* What needs to be done: Each line below from the one containing "зв'язали в мем" through the one containing "Dodge Ram Magnum 5 9l Smpi V8 5 Speed Manual" should be output exactly as it stands, and no other line should appear.

* Input records:
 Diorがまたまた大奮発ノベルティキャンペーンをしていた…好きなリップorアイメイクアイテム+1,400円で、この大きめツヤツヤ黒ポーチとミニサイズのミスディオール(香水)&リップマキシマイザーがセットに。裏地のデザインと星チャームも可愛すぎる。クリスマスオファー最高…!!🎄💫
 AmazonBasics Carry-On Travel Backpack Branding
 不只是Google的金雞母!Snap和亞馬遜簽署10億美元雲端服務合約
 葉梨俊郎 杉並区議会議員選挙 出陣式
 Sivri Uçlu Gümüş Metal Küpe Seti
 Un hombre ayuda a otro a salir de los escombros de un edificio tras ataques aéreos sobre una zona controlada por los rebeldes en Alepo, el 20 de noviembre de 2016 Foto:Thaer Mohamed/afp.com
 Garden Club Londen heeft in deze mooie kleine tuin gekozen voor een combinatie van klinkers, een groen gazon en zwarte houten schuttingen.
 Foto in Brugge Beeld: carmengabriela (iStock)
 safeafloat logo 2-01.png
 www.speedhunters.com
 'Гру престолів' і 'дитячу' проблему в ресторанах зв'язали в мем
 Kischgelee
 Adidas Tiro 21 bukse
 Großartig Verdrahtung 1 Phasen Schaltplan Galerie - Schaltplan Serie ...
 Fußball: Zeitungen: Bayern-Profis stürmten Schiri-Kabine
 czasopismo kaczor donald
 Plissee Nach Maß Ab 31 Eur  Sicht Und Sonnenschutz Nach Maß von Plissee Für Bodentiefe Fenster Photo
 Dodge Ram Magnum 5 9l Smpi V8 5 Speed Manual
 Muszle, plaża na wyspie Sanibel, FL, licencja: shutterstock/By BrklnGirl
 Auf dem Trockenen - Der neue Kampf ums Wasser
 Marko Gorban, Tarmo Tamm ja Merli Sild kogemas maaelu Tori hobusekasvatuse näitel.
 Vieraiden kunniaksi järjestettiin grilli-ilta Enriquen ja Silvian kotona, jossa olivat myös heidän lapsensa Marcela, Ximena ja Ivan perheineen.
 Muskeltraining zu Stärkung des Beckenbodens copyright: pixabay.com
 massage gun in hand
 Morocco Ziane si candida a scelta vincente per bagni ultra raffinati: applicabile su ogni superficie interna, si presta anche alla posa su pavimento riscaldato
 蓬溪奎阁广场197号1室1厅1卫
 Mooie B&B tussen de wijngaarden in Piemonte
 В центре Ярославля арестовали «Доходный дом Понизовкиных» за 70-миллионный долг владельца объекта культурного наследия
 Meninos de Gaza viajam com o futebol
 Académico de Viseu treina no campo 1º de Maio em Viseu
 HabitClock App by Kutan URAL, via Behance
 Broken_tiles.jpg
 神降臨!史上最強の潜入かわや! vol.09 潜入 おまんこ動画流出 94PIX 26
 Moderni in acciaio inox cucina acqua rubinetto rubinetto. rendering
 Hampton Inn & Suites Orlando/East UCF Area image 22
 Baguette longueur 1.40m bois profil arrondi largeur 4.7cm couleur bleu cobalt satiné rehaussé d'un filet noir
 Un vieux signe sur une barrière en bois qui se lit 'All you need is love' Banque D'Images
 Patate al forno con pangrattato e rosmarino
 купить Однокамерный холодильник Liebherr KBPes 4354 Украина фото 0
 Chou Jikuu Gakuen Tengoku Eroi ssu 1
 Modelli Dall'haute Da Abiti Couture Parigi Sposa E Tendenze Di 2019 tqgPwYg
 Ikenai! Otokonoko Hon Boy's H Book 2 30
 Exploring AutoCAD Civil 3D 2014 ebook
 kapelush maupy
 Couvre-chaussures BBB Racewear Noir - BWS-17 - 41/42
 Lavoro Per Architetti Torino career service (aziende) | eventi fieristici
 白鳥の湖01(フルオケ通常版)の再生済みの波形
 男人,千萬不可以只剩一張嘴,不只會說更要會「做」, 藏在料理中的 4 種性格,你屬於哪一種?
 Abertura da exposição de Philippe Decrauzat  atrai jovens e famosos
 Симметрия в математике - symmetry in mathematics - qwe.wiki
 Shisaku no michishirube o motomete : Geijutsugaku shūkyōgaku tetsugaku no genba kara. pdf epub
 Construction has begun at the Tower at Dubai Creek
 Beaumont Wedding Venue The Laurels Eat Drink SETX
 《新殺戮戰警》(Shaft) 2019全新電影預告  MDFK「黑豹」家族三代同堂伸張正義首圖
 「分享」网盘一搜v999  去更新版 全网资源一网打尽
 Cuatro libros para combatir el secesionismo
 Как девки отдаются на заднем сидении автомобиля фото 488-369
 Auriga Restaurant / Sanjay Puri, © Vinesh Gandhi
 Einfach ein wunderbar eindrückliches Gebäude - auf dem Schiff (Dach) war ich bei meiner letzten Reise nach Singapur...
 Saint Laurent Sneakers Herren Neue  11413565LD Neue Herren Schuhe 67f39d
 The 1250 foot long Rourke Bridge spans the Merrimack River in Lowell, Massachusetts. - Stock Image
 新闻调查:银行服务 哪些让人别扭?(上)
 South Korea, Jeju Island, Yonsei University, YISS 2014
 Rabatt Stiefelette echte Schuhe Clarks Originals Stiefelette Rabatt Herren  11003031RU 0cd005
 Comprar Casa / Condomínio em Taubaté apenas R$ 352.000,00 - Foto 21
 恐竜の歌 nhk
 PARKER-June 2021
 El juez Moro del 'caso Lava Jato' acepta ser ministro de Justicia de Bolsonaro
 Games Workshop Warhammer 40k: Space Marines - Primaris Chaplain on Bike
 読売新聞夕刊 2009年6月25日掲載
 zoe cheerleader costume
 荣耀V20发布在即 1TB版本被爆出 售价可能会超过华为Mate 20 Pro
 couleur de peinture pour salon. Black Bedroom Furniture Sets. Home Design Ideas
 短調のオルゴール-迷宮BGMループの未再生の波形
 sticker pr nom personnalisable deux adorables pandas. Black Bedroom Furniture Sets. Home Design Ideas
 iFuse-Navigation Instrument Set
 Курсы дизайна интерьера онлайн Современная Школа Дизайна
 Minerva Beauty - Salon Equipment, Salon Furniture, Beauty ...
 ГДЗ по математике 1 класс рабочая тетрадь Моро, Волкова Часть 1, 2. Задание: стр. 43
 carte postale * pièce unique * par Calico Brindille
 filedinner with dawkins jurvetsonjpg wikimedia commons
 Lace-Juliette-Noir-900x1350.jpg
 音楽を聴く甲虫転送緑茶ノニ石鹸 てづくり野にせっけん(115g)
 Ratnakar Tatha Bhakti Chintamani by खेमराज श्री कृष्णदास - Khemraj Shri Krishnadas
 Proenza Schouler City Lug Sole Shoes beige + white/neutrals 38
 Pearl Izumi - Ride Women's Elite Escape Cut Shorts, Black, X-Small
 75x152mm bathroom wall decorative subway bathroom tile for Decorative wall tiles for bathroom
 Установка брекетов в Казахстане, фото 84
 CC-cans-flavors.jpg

* Response below:
 'Гру престолів' і 'дитячу' проблему в ресторанах зв'язали в мем
 Kischgelee
 Adidas Tiro 21 bukse
 Großartig Verdrahtung 1 Phasen Schaltplan Galerie - Schaltplan Serie ...
 Fußball: Zeitungen: Bayern-Profis stürmten Schiri-Kabine
 czasopismo kaczor donald
 Plissee Nach Maß Ab 31 Eur  Sicht Und Sonnenschutz Nach Maß von Plissee Für Bodentiefe Fenster Photo
 Dodge Ram Magnum 5 9l Smpi V8 5 Speed Manual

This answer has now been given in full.